__SOURCE MATERIAL__:

= = =

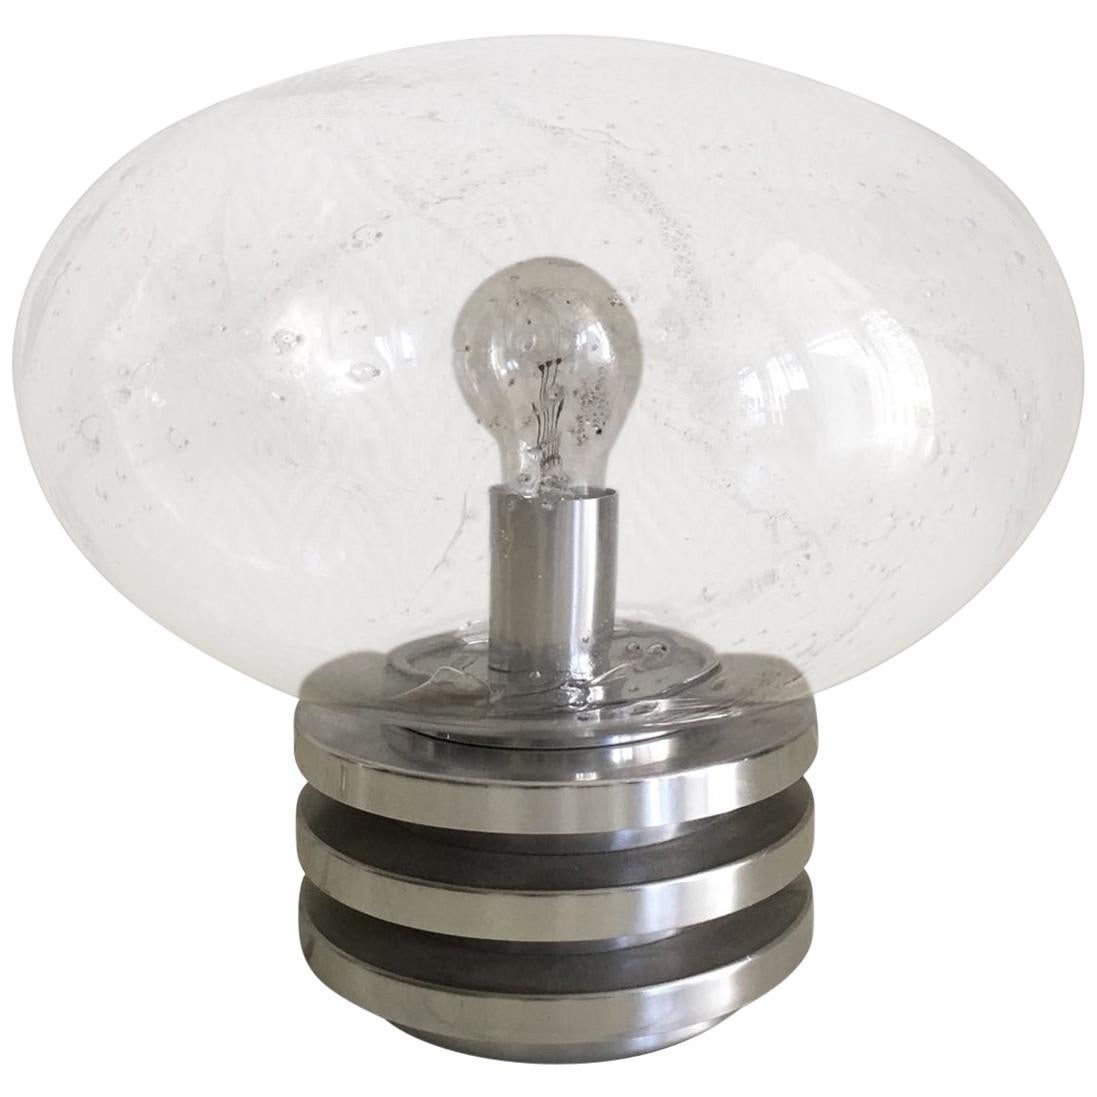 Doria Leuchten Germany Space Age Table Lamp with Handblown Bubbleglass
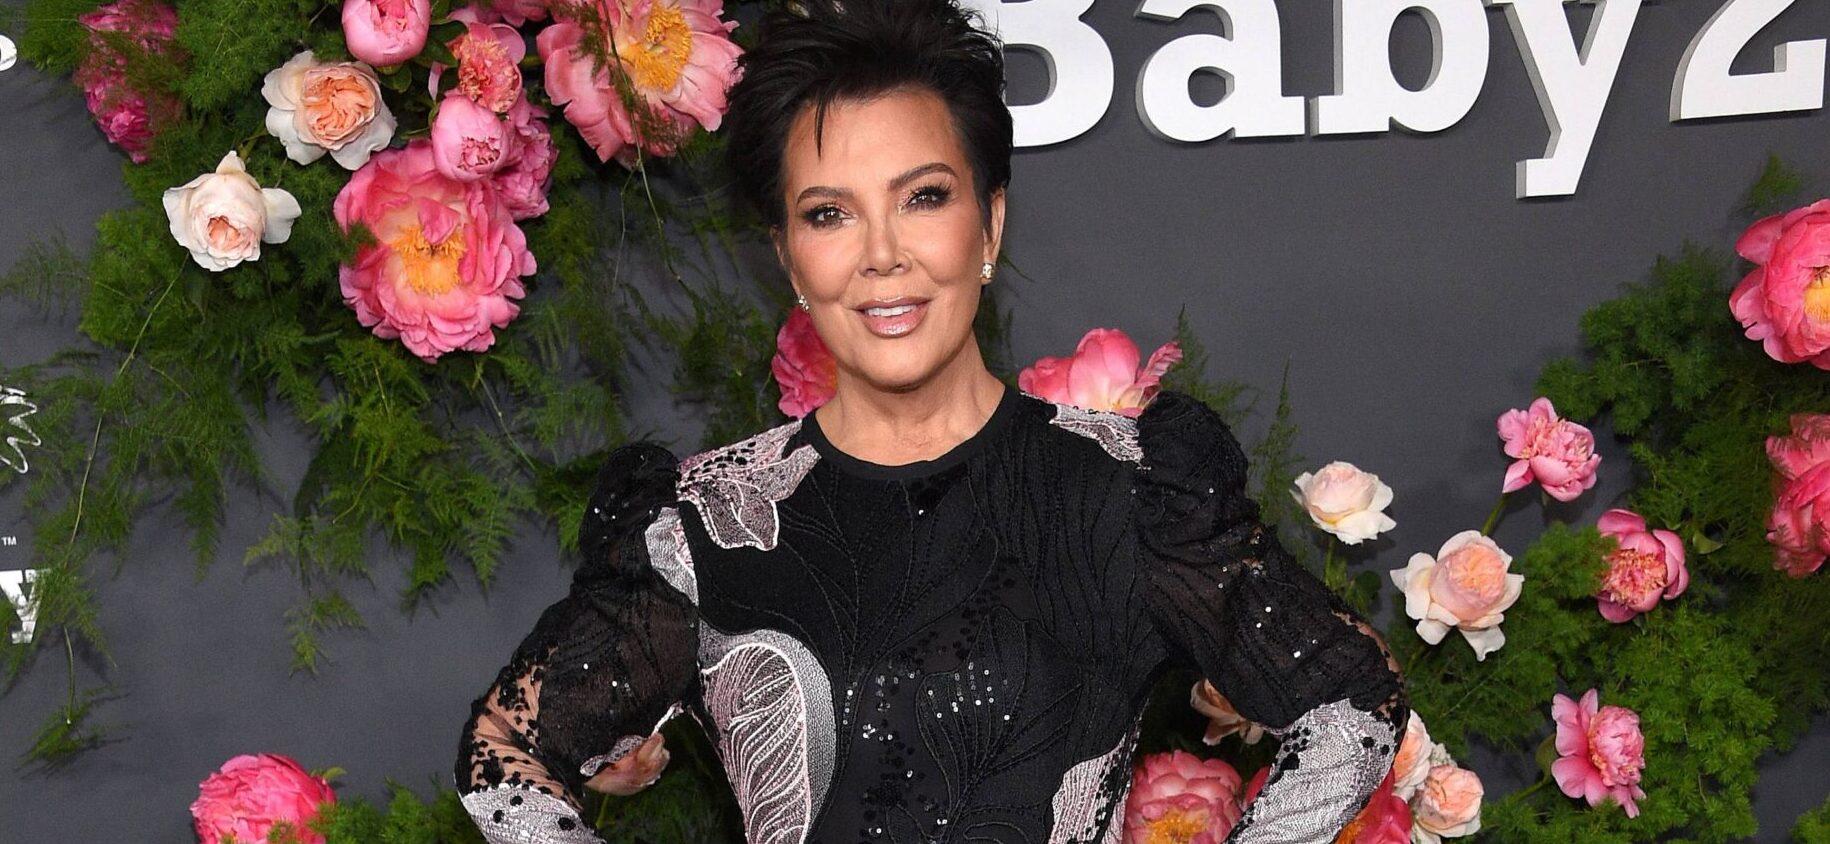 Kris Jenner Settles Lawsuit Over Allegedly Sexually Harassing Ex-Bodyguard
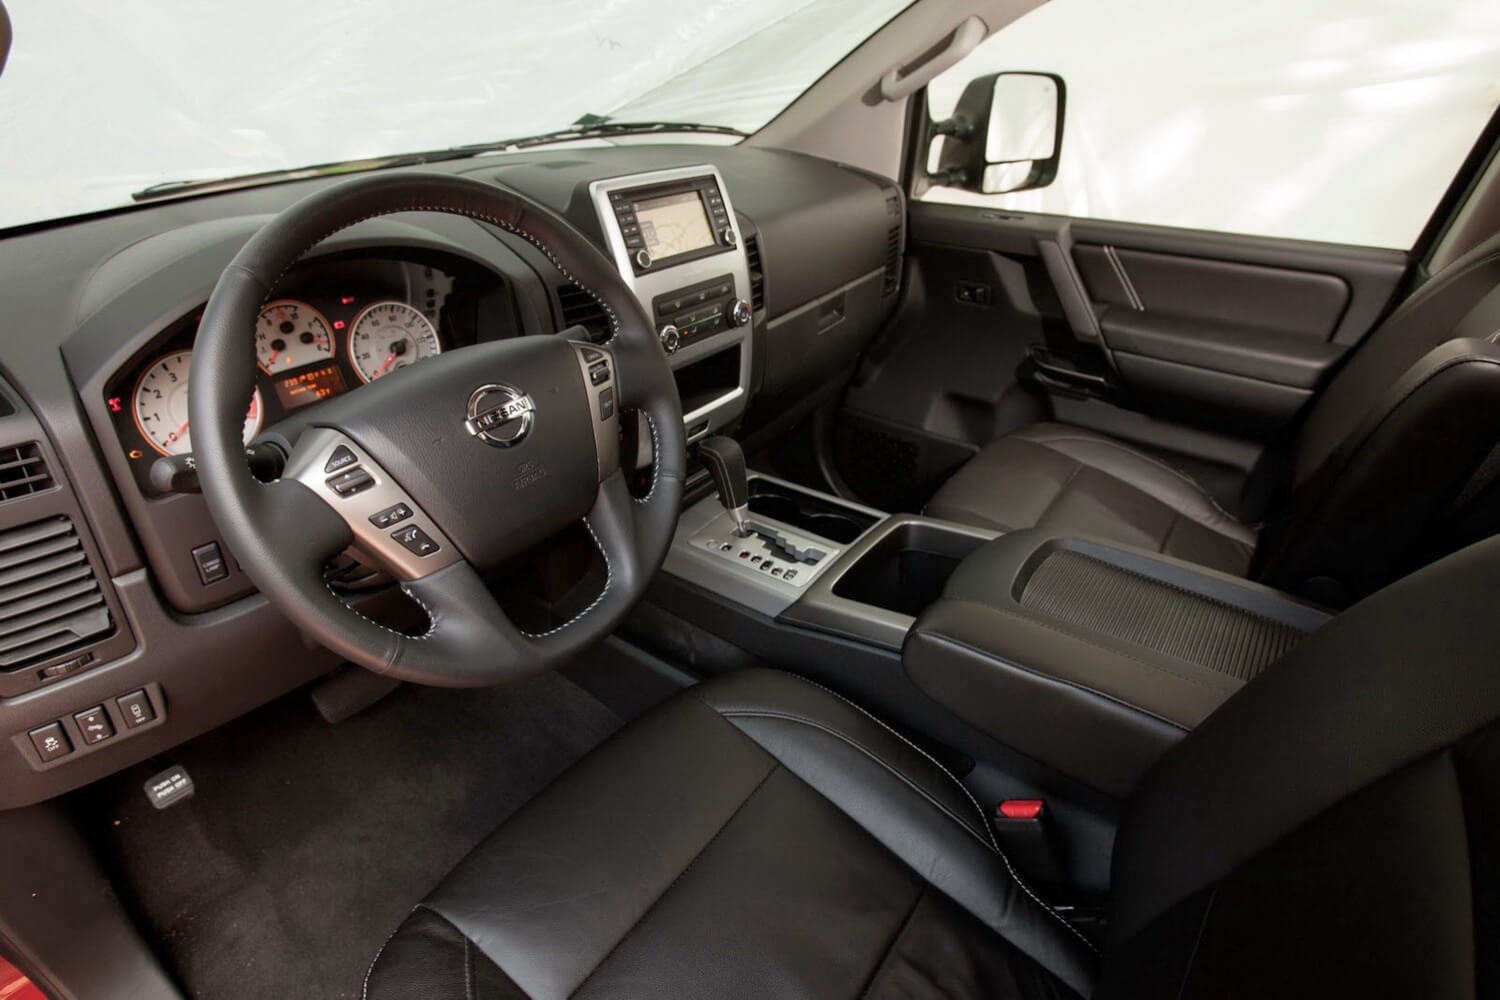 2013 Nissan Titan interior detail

= = =

__WHAT THIS TASK INVOLVES__:
Set down the material above exactly as written, but not the pictures.

__ANSWER SPACE__:
 Doria Leuchten Germany Space Age Table Lamp with Handblown Bubbleglass
 Kris Jenner Settles Lawsuit Over Allegedly Sexually Harassing Ex-Bodyguard
 2013 Nissan Titan interior detail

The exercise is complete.